Atticus is prone to err; he is human. And Harper Lee, the stand-out writer of the 20th century, the creator of a powerful iconic masterpiece in literature, after reading this first novel, we see how Lee grew as a writer as well, and that she too is human.
** ALA Banned & Challenged Book Listing
Notes on challenges, bans, censorship
To Kill a Mockingbird, by Harper Lee
- Challenged in Eden Valley, MN (1977) and temporarily banned due to words “damn” and “whore lady” used in the novel.
- Challenged in the Vernon Verona Sherill, NY School District (1980) as a “filthy, trashy novel.”
- Challenged at the Warren, IN Township schools (1981) because the book does “psychological damage to the positive integration process” and “represents institutionalized racism under the guise of good literature.” After unsuccessfully trying to ban Lee’s novel, three black parents resigned from the township human relations advisory council.
- Challenged in the Waukegan, IL School District (1984) because the novel uses the word “nigger.”
- Challenged in the Kansas City, MO junior high schools (1985). Challenged at the Park Hill, MO Junior High School (1985) because the novel “contains profanity and racial slurs.” Retained on a supplemental eighth grade reading list in the Casa Grande, AZ Elementary School District (1985), despite the protests by black parents and the National Association for the Advancement of Colored People who charged the book was unfit for junior high use.
- Challenged at the Santa Cruz, CA Schools (1995) because of its racial themes. Removed from the Southwood High School Library in Caddo Parish, LA (1995) because the book’s language and content were objectionable.
- Challenged at the Moss Point, MS School District (1996) because the novel contains a racial epithet. Banned from the Lindale, TX advanced placement English reading list (1996) because the book “conflicted with the values of the community.”
- Challenged by a Glynn County, GA (2001) School Board member because of profanity. The novel was retained. Returned to the freshman reading list at Muskogee, OK High School (2001) despite complaints over the years from black students and parents about racial slurs in the text.
- Challenged in the Normal, IL Community High School’s sophomore literature class (2003) as being degrading to African Americans.
- Challenged at the Stanford Middle School in Durham, NC (2004) because the 1961 Pulitzer Prize-winning novel uses the word “nigger.”
- Challenged at the Brentwood, TN Middle School (2006) because the book contains “profanity” and “contains adult themes such as sexual intercourse, rape, and incest.” The complainants also contend that the book’s use of racial slurs promotes “racial hatred, racial division, racial separation, and promotes white supremacy.”
- Retained in the English curriculum by the Cherry Hill, NJ Board of Education (2007).
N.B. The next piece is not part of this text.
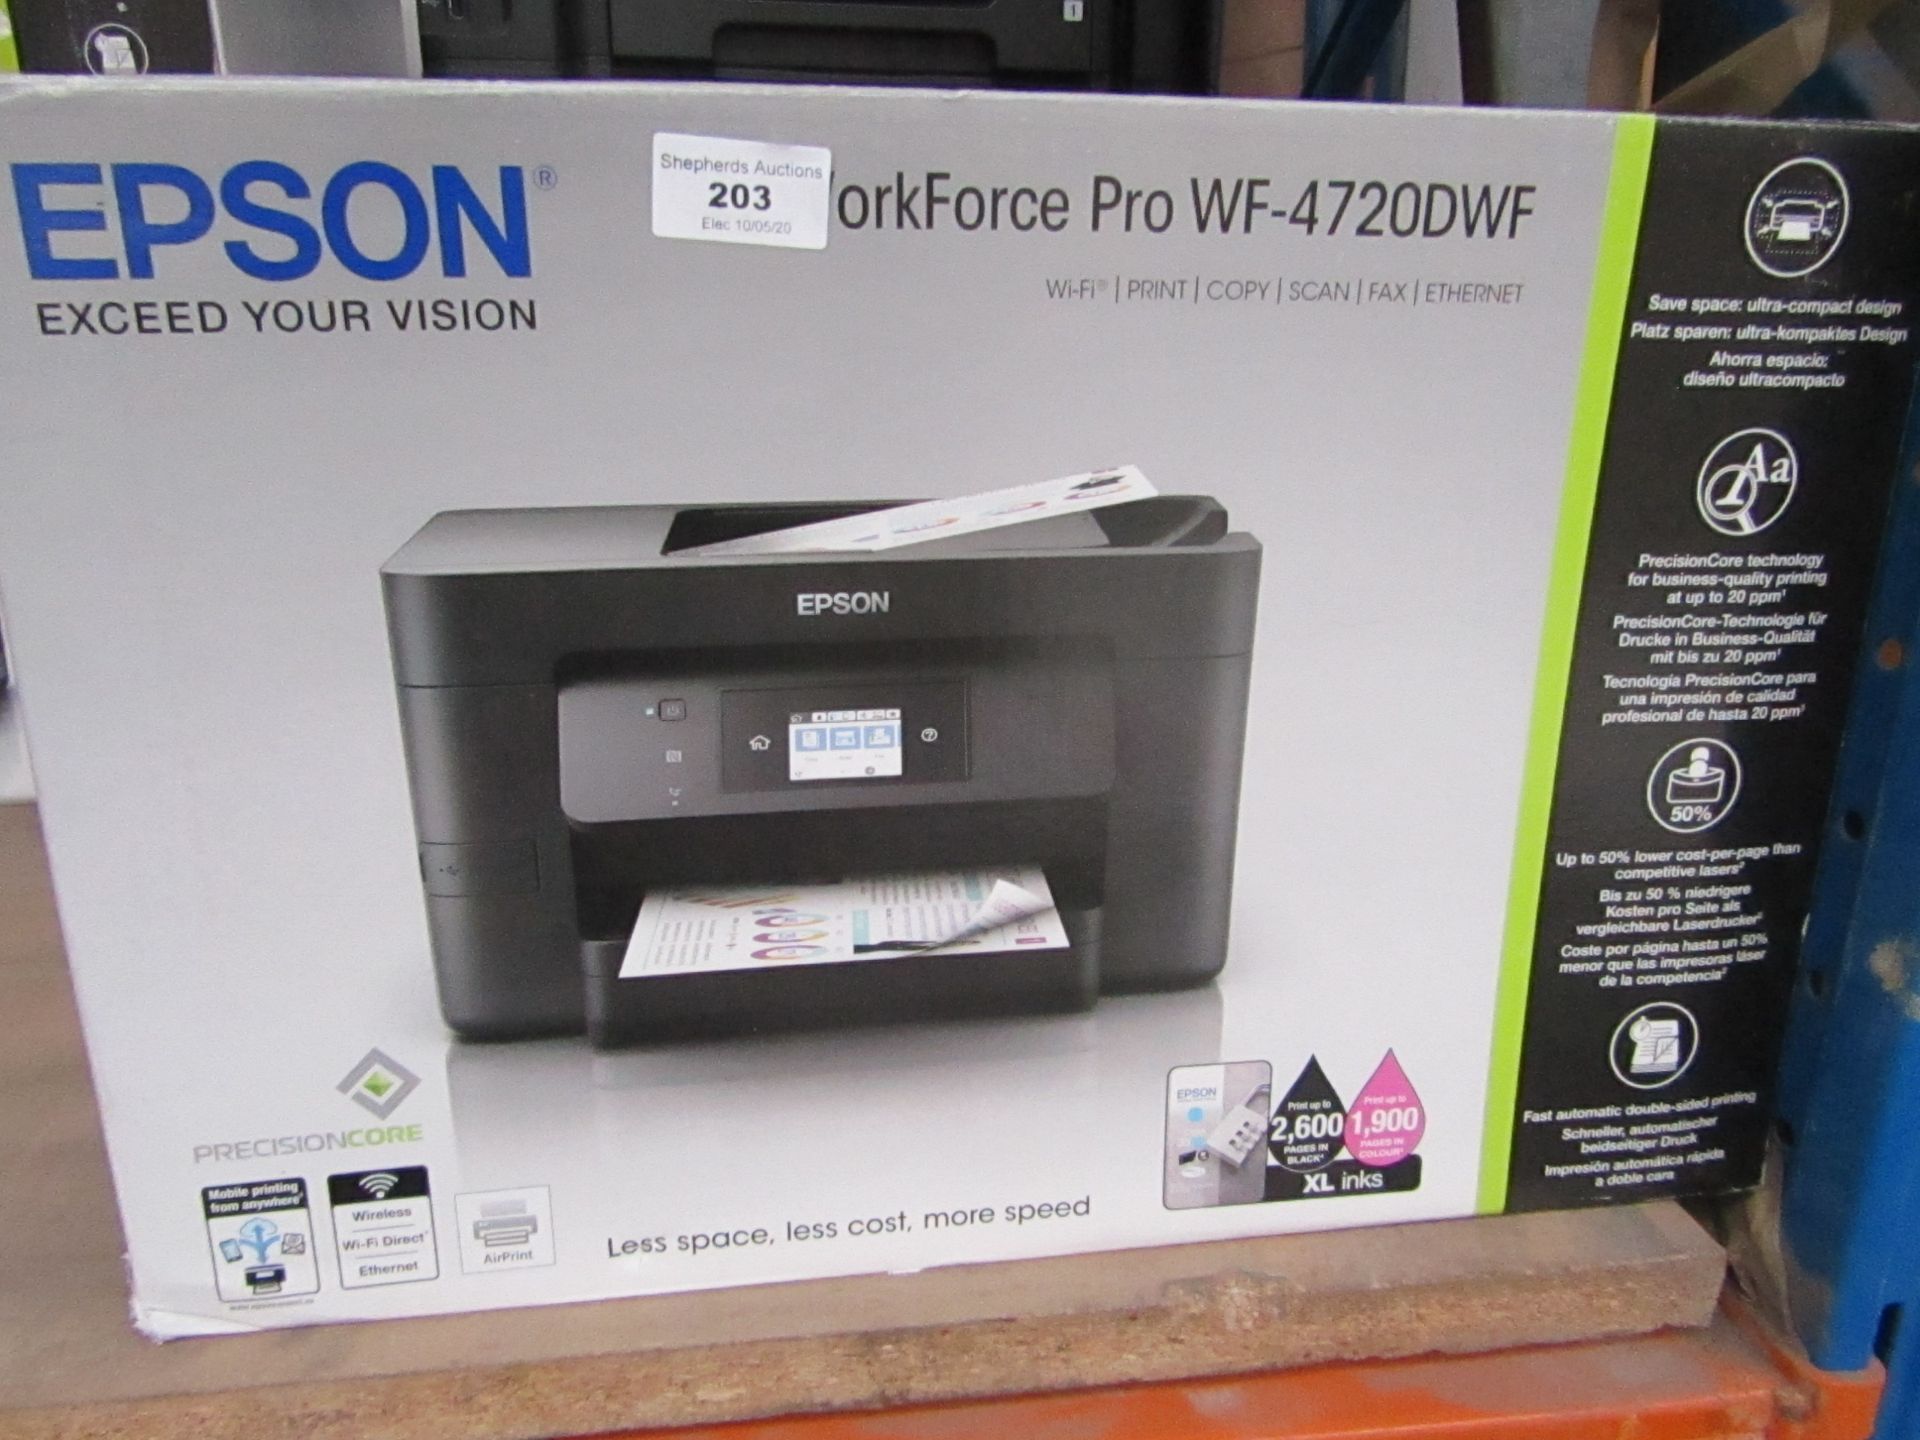 Epson workforce Pro WF-4720DWF printer, boxed and unchecked

A resident had objected to the novel’s depiction of how blacks are treated by members of a racist white community in an Alabama town during the Depression. The resident feared the book would upset black children reading it.
- Removed (2009) from the St. Edmund Campion Secondary School classrooms in Brampton Ontario, Canada because a parent objected to language used in the novel, including the word “nigger.”
(Source American Library Association)
Loved your review! Like you, I tried to avoid all reviews so I could get a fresh take without being prejudiced. But then someone NPR started talking about it and, oops, dang it… But it’s ok since I liked it much better than the NPR reviewer did! I agree that it isn’t going to be an all-time classic like Mockingbird, but it was good in its own right. I recently lost my father, and the book made me reflect on my relationship with him… in all of its stages.
Hi Kelly,
Thank you for visiting and taking the time to share a thoughtful comment. It’s a challenge to read this book without spoilers! I’m sorry about your father, but am glad to hear Watchman might have given you solace. Literature does that, providing a connection to its readers across the boundaries of time and space. I had a similar experience as you, thinking of my own father. Keep reading and come back!